Wednesday, September 22, 2010

Poem for Thursday, Undercovers, Mount Vernon Animals

A Kite for Aibhin
By Seamus Heaney


Air from another life and time and place,
Pale blue heavenly air is supporting
A white wing beating high against the breeze,

And yes, it is a kite! As when one afternoon
All of us there trooped out
Among the briar hedges and stripped thorn,

I take my stand again, halt opposite
Anahorish Hill to scan the blue,
Back in that field to launch our long-tailed comet.

And now it hovers, tugs, veers, dives askew,
Lifts itself, goes with the wind until
It rises to loud cheers from us below.

Rises, and my hand is like a spindle
Unspooling, the kite a thin-stemmed flower
Climbing and carrying, carrying farther, higher

The longing in the breast and planted feet
And gazing face and heart of the kite flier
Until string breaks and – separate, elate –

The kite takes off, itself alone, a windfall.

--------

Troy Jollimore reviewed Heaney's Human Chain this week in The Washington Post. "Heaney still writes with the passion, freshness and vigor of a young man," says Jollimore. "The poems are pervaded by an awareness of mortality, of encroaching darkness. "A Kite for Aibhin" is the final poem, and Jollimore states that it expresses the wish "that death might represent a liberation, a passage to a higher state of being...ubiquitous in this collection, and it infuses these meditative poems with a spiritual buoyancy, a subtle and reassuring joy."

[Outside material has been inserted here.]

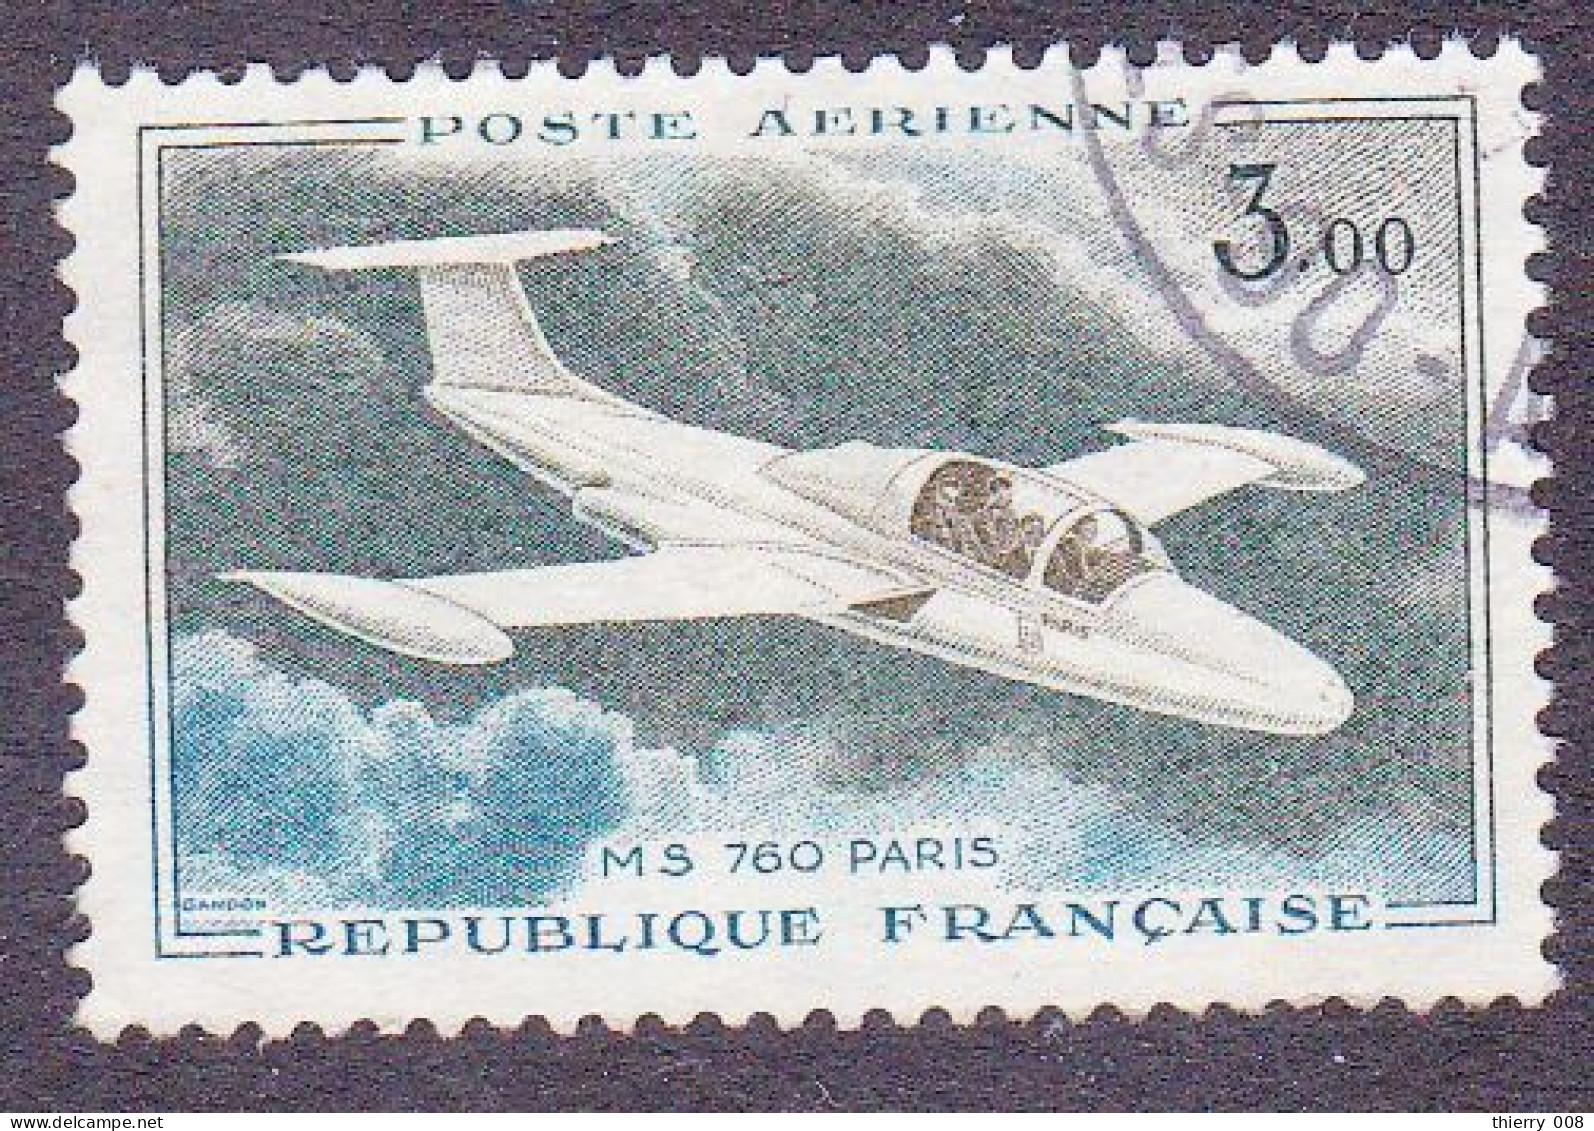 France 1960 1964 Poste Aérienne PA 39 Prototypes Morane Saulnier 760 Paris  Oblitéré - 1960-.... Used

My morning mostly involved chores and a bad headache whose source I didn't understand until I got the thunderstorm warning for later in the afternoon -- since I've mostly stopped having migraines, when I do start to get one, I worry and think I must have overdone the sodium by accident or my blood pressure must be up, but in most cases it turns out either that I've mistimed my cycle or that there's a big weather front on the way. The Lunar Autumn Festival in China fell on the 22nd and I had promised Adam that I would try to find moon cakes for him, which proved to be far more complicated than I had imagined. I confirmed that the Asian supermarket behind White Flint Mall had closed, which I'd thought I'd heard, so I went to the Asian supermarket in Wintergreen shopping center...and it had closed too! Woe! I called Paul from the parking lot and asked him to Google Asian supermarkets in Rockville, and as it turns out, there's a big new one called Maxim further up Hungerford Drive just past Rockville Town Square. But they were sold out of moon cakes! I got some sesame cookies, mochi, and something called Ming Kung cakes which apparently involve red bean paste and rice flour...we never even got around to tasting them, we got full on the cookies and the sesame noodles and stir fry that Paul made!

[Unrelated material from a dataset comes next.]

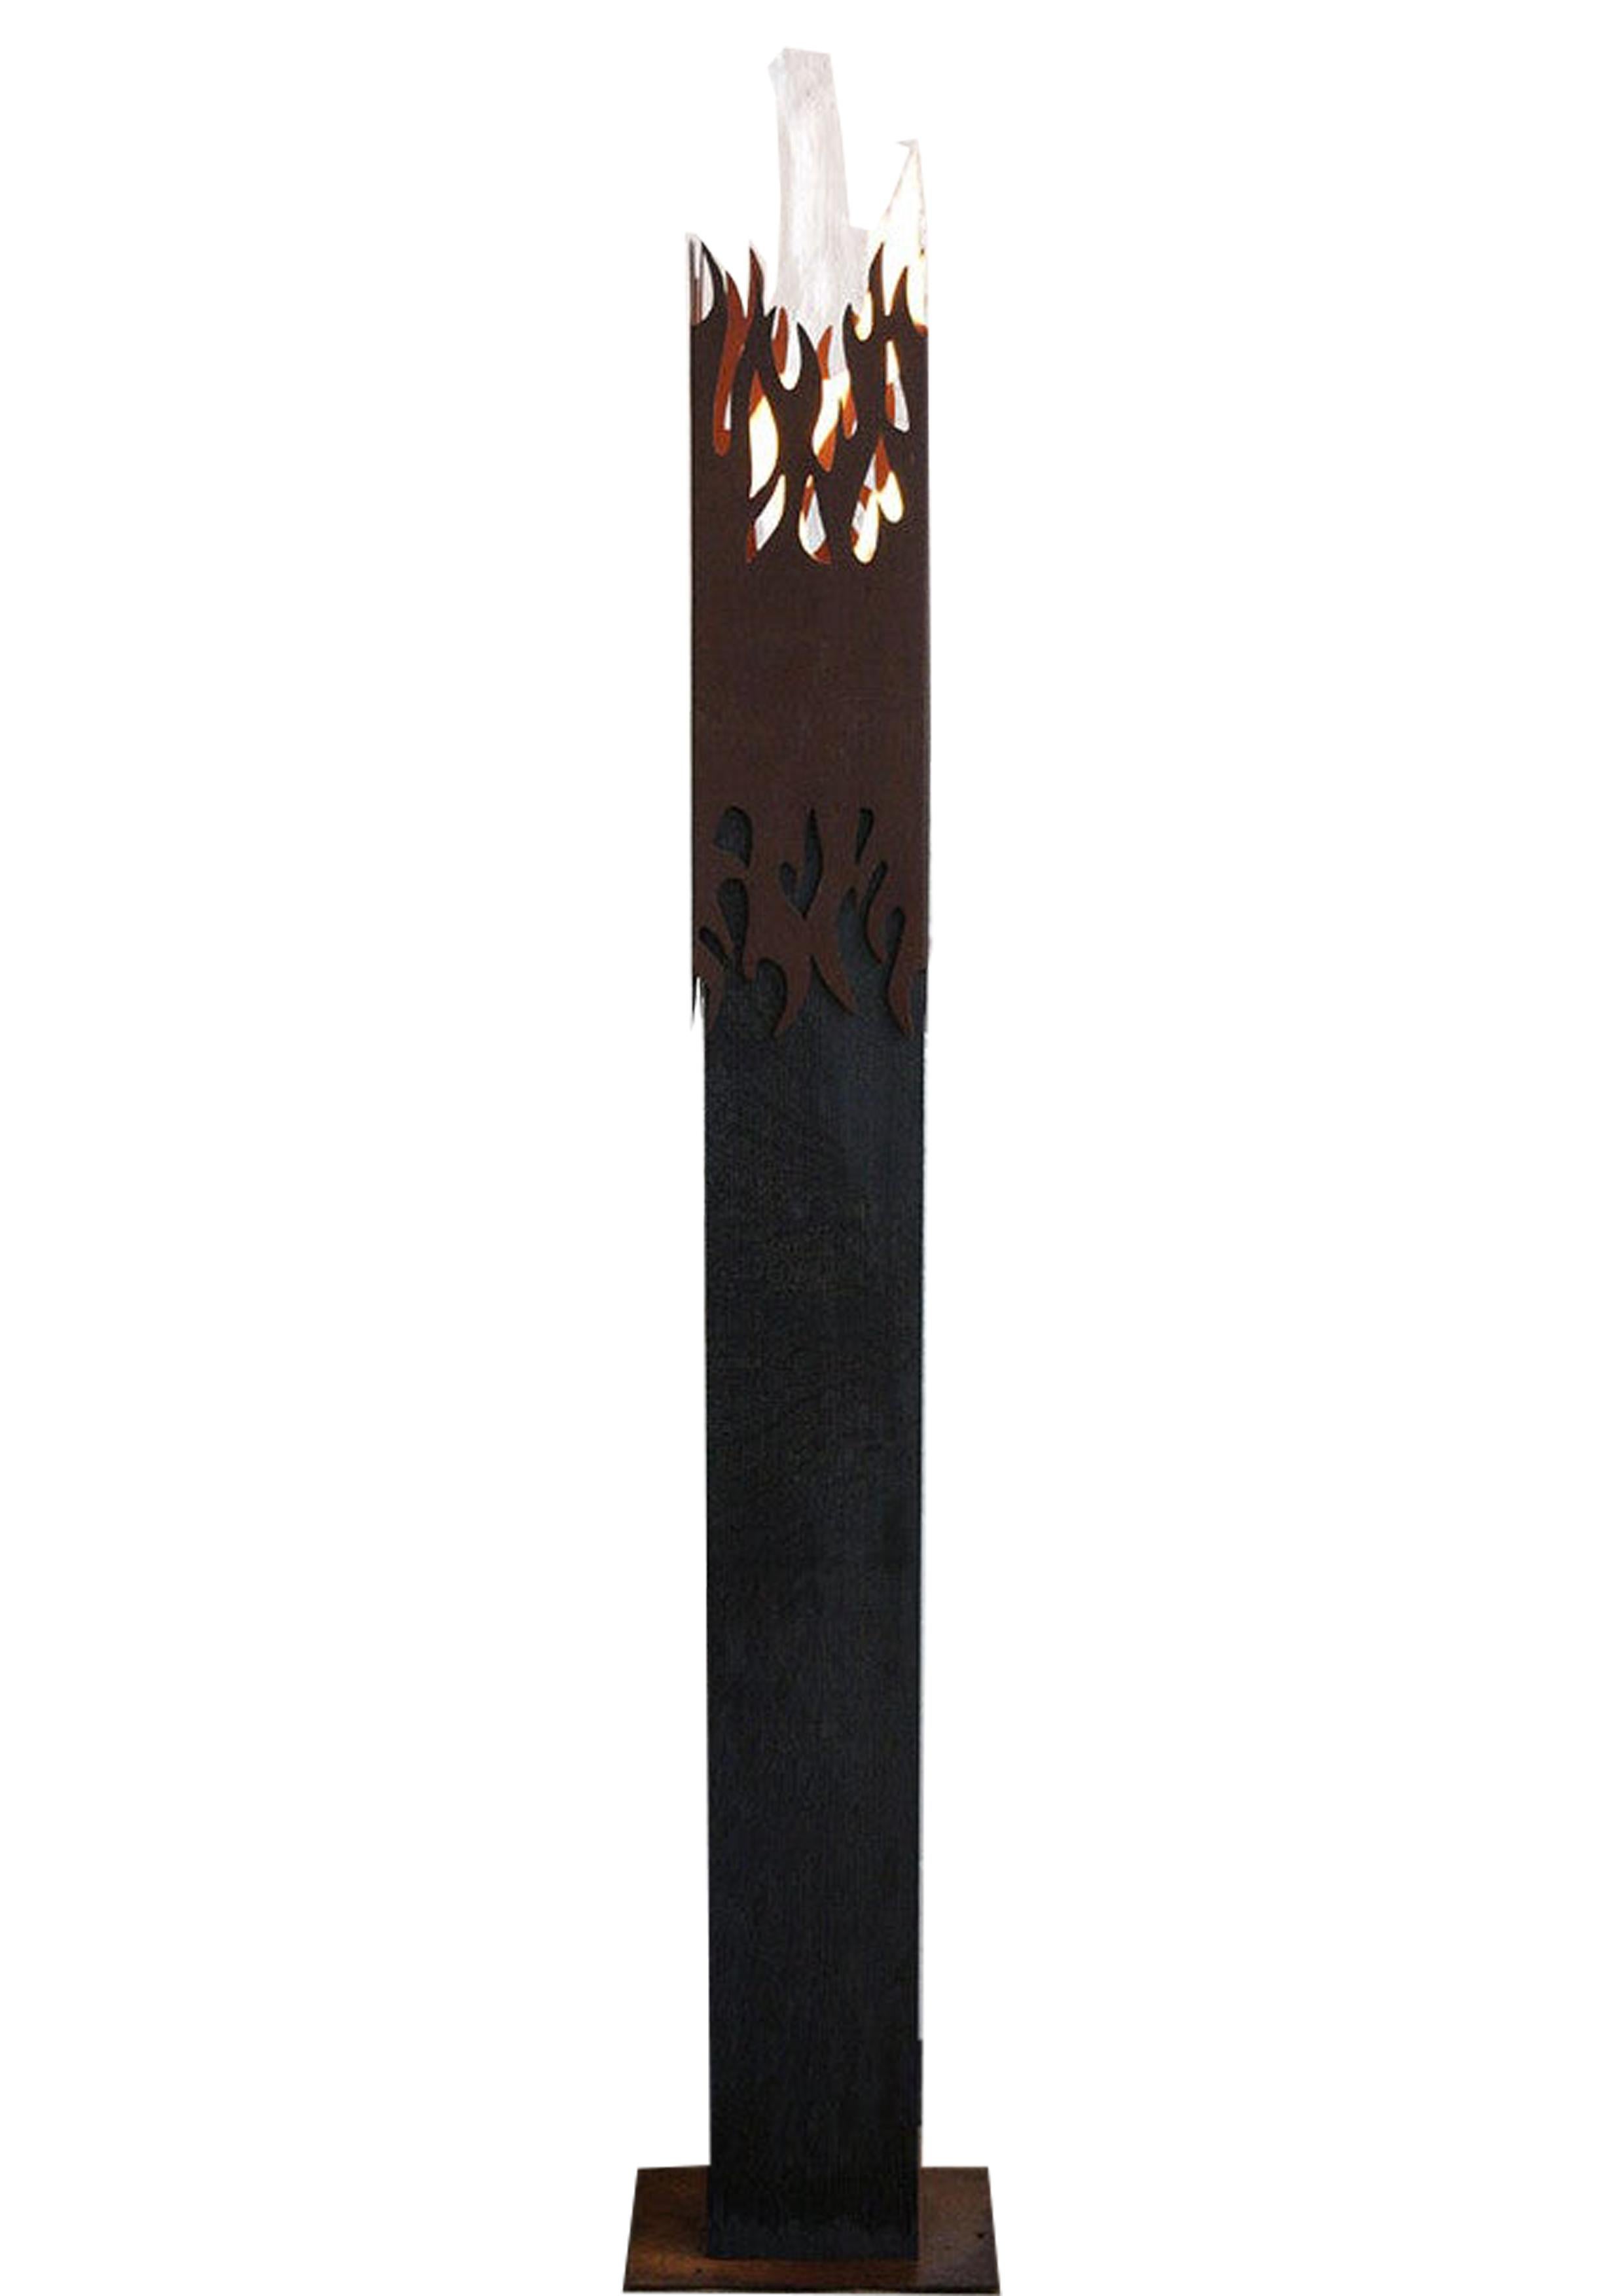 Dark Oak Column and Garden Torch - "Flame" - handmade art object - Art by Stefan Traloc

After dinner, Daniel went to work on his summer project with his advisor and the rest of us watched Undercovers, which had gotten mostly lukewarm reviews I saw, so I was surprised at how great it was -- okay, mediocre spy story with too many gadgets, but the leads have amazing chemistry (and are two of the best-looking people I have ever seen, which makes it really easy to look at them, though I want to know when two caterers have three hours a day to spend in the gym, since they're so amazingly fit they must never taste their own food). And you know they haven't always been caterers if they live in THAT house! But they're delightful together, sweet and funny -- I love stories about married couples who are in love without being syrupy and still hot for each other after lots of years together -- and there are fun slashy moments too (Samantha to Bill: "It's the woman married to the man you love"). Oh, and some of us watched the new Deathly Hallows trailer, which features Snape AND Lucius (we know where my priorities are). And the Philadelphia Eagles have made it easy for me to decide whom I want to lose the NFC East, and it ain't Dallas or the Giants -- it's Michael Vick.

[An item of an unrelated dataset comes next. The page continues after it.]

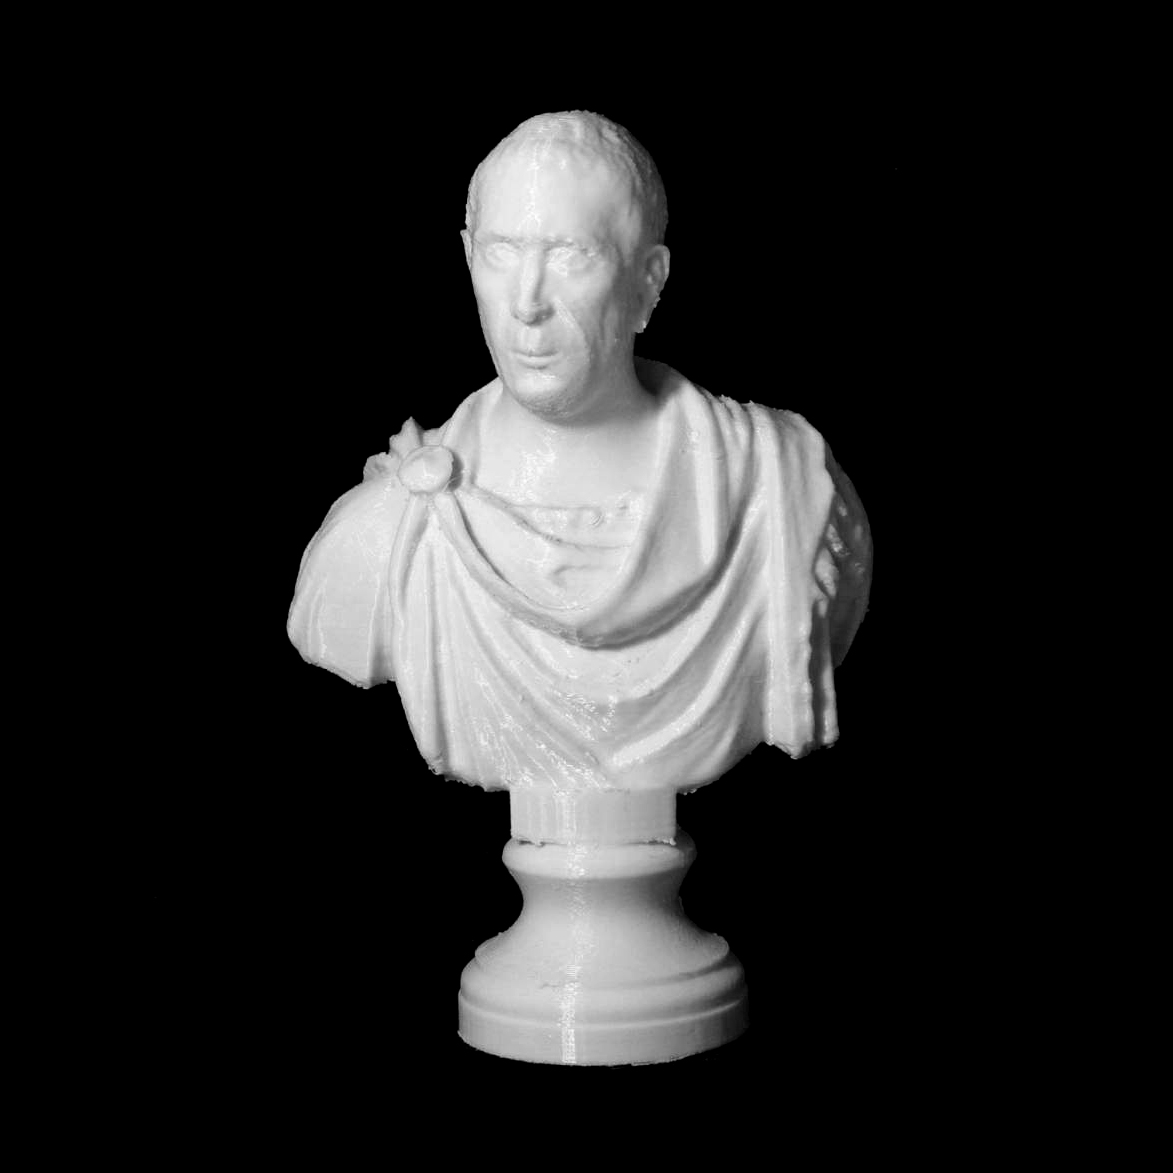 Quintus Cicero

These three Mount Vernon sheep were inseparable on Sunday.


George Washington's breed of cattle mostly stayed in the shade, swatting at flies.


There were chickens both behind the slave cabin and on the upper farm...


...beside the piglets, because is anything cuter?


Some kids visiting the colonial fair found this turtle in the woods on the property. We suggested they put it back near where they found it.


The rat-catcher's rat is not a permanent Mount Vernon resident but we're assuming that in Washington's era, there were plenty.


The corn stalks were already past harvest...


...and the squash were turning a glorious orange.